▸ Task to complete
From the first line of the listing to the last, set down everything exactly, but skip the images.

▸ Given information
◆ ◆ ◆ ◆ ◆
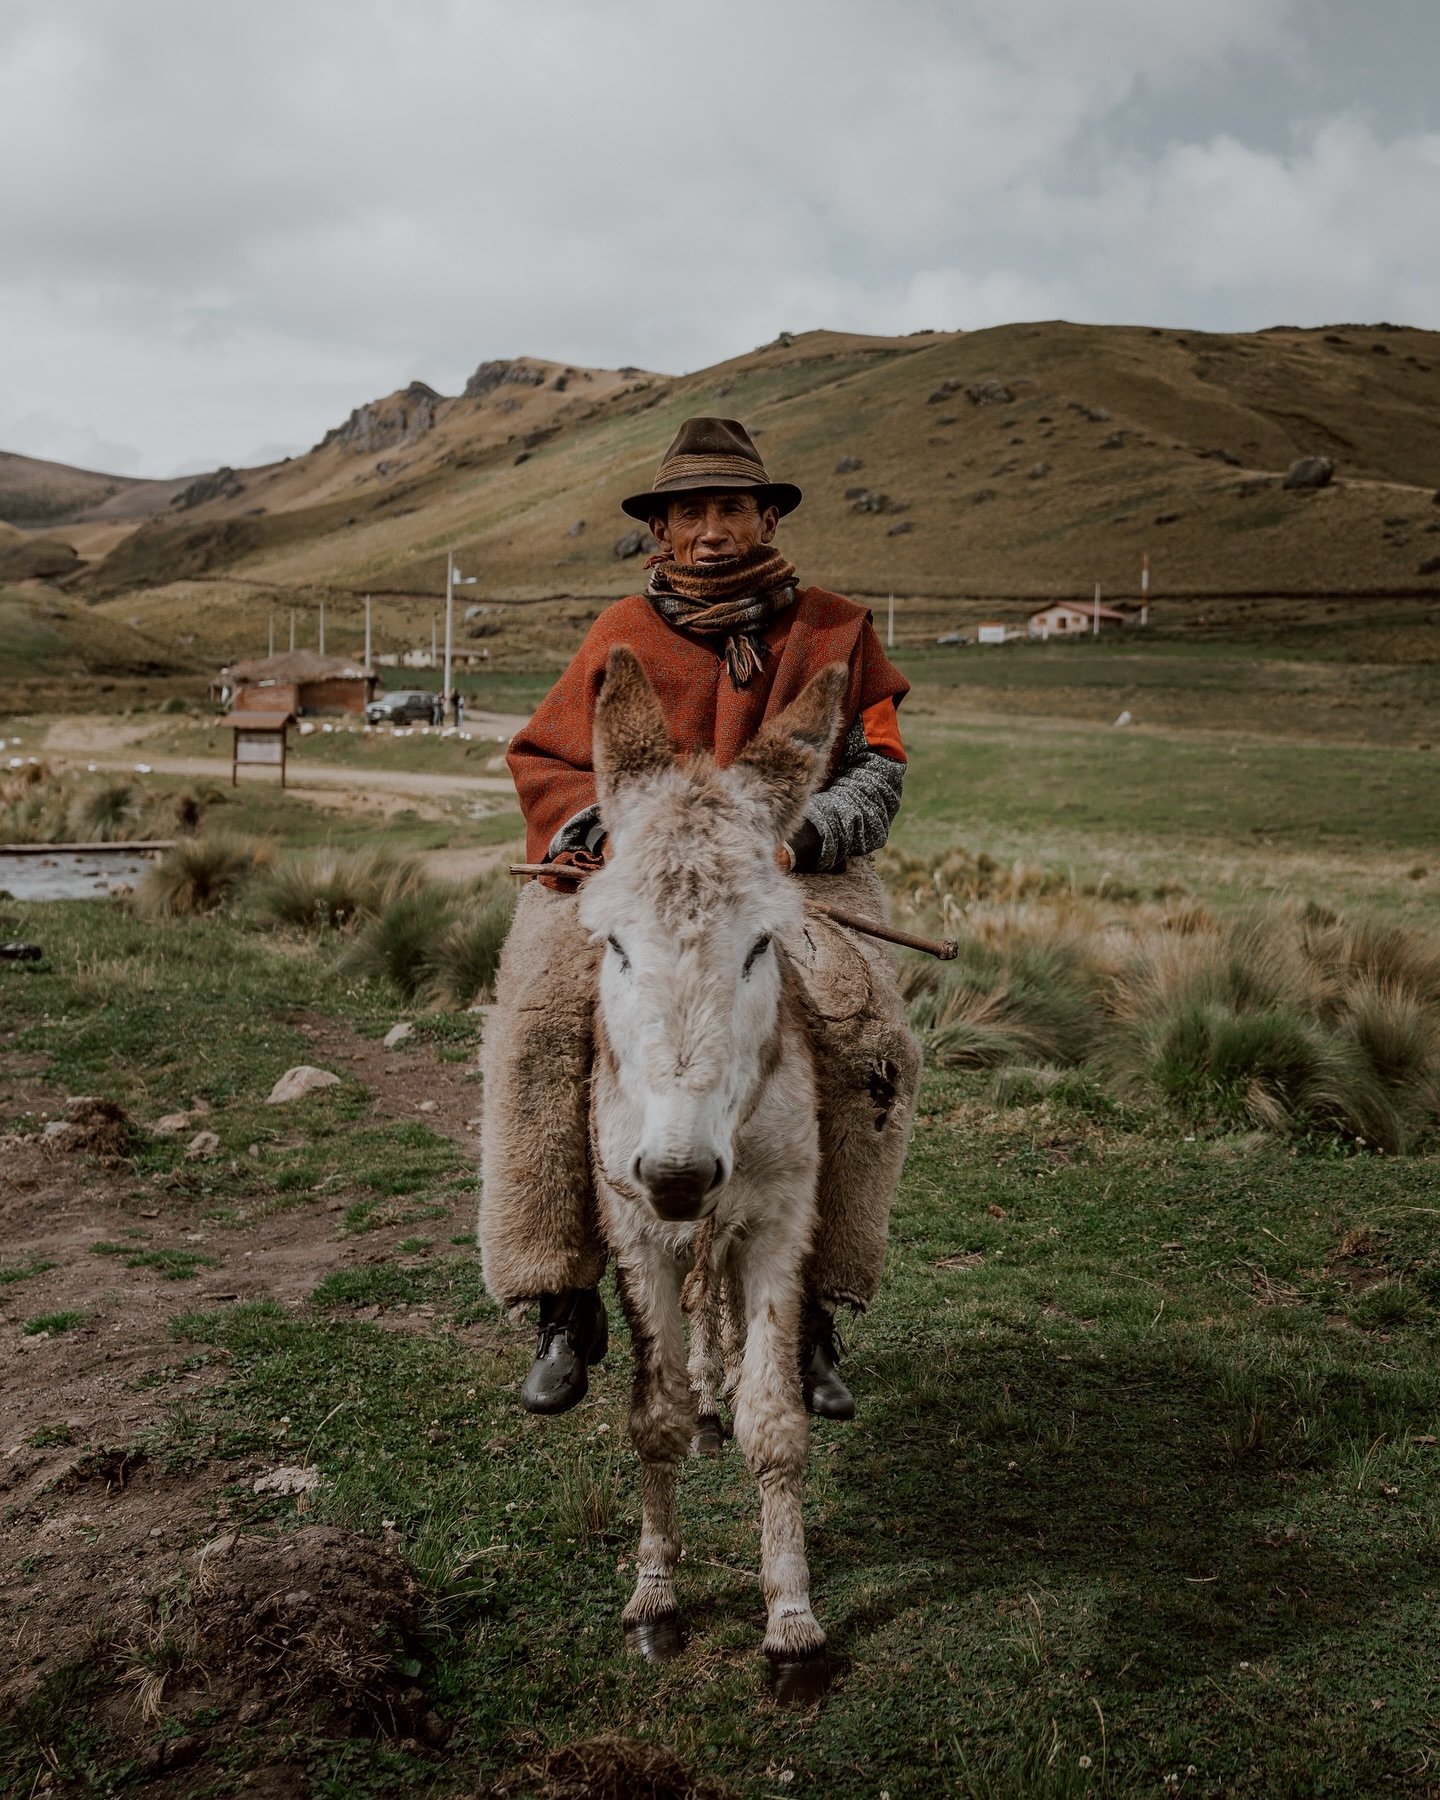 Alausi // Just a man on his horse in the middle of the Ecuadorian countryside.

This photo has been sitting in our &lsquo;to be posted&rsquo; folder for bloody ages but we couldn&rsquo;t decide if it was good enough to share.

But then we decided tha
◆ ◆ ◆ ◆ ◆
▸ Written response
 Alausi // Just a man on his horse in the middle of the Ecuadorian countryside.

This photo has been sitting in our &lsquo;to be posted&rsquo; folder for bloody ages but we couldn&rsquo;t decide if it was good enough to share.

But then we decided tha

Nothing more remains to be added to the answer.